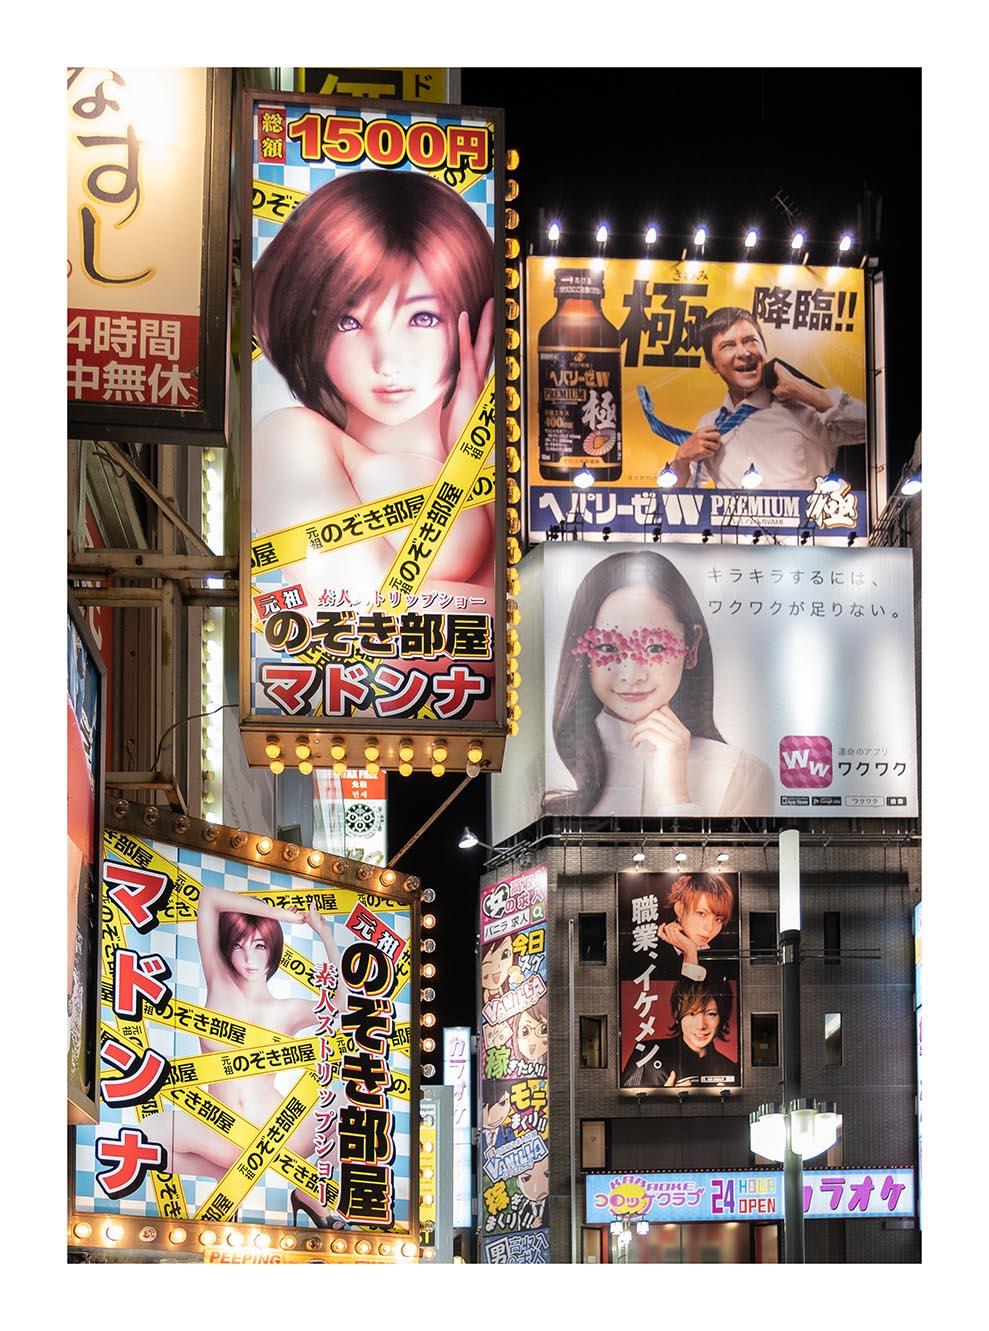 Tokyo_Neon_050_Juxta.jpg
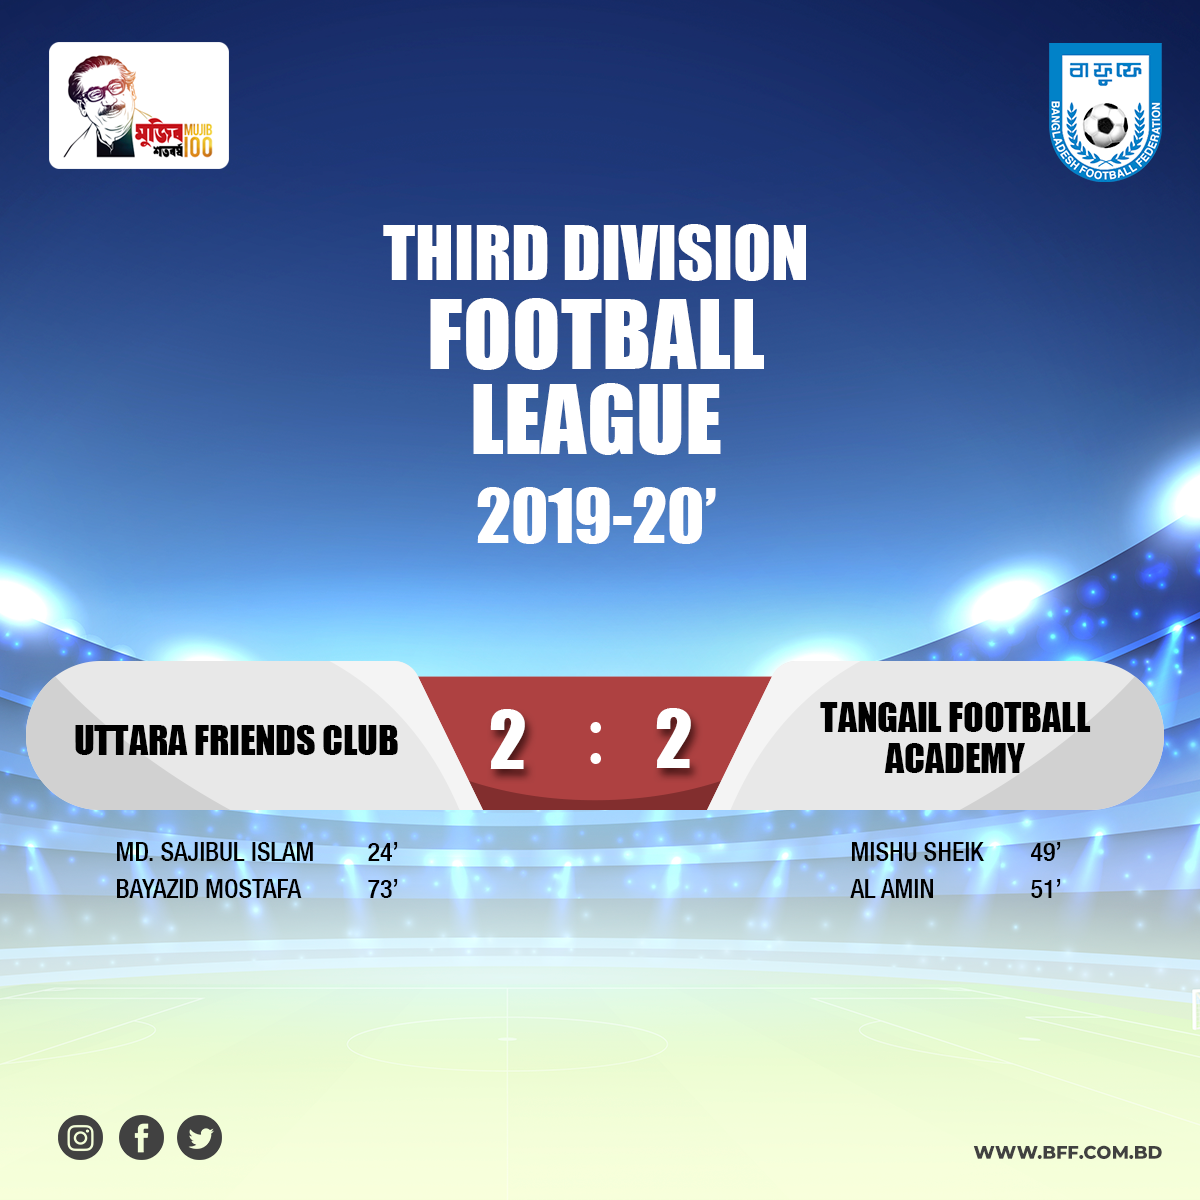 Uttara Friends Club and Tangail Football Academy  draws the match
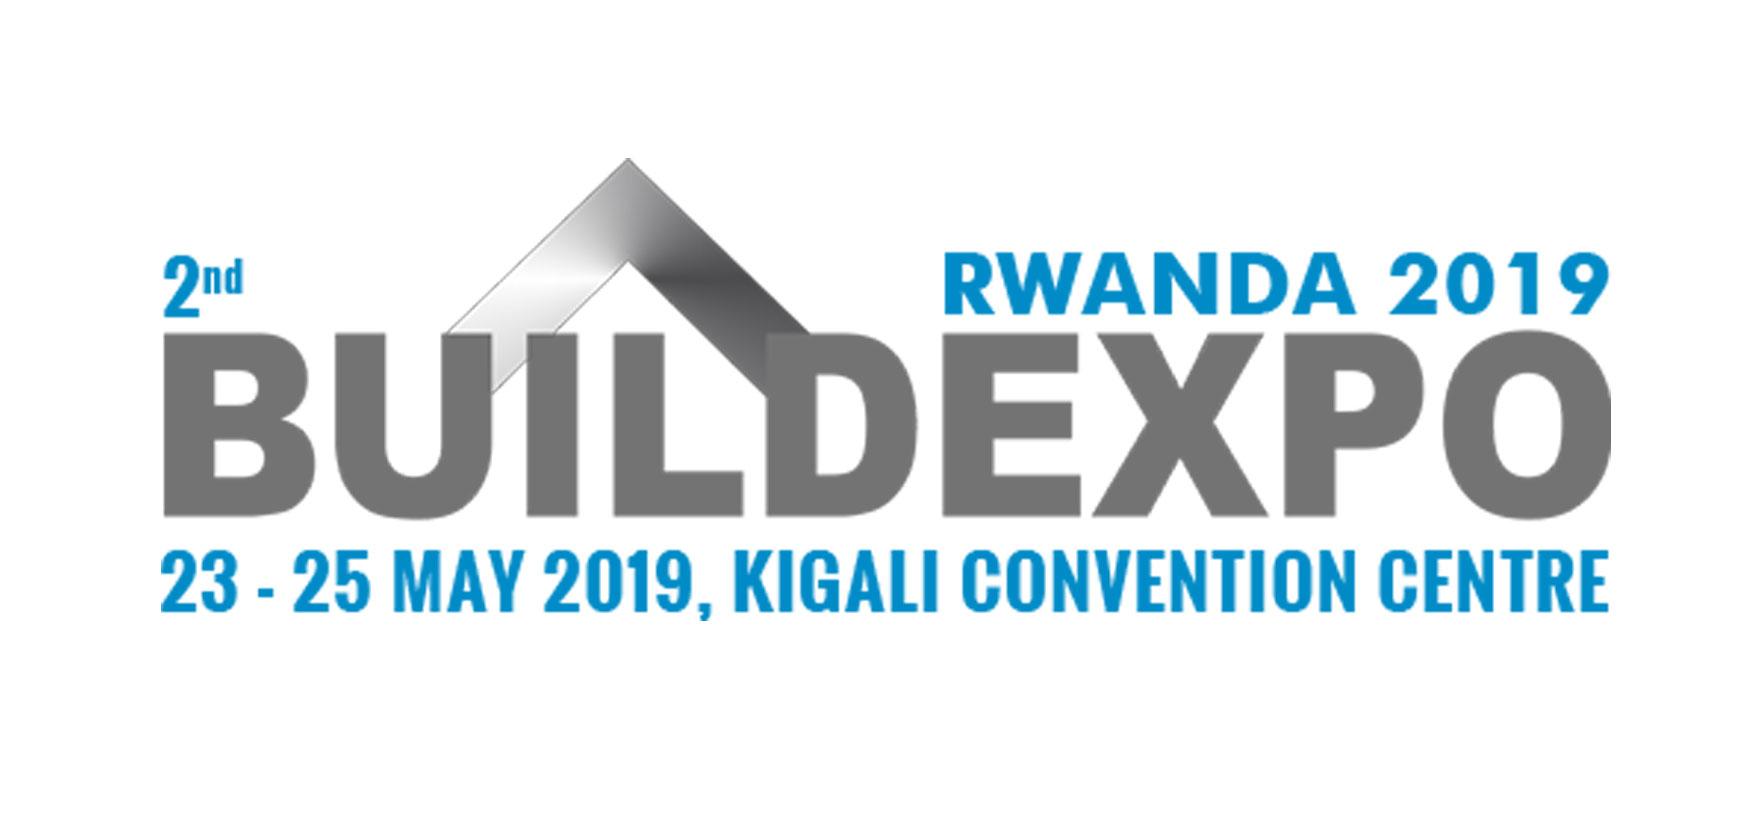 buildexpo-rwanda-icon

· · · · · · ·

• **Work task**: Omit the pictures, then give all the lines above again exactly.

• **Your solution**:
 Tokyo_Neon_050_Juxta.jpg
 Uttara Friends Club and Tangail Football Academy  draws the match
 buildexpo-rwanda-icon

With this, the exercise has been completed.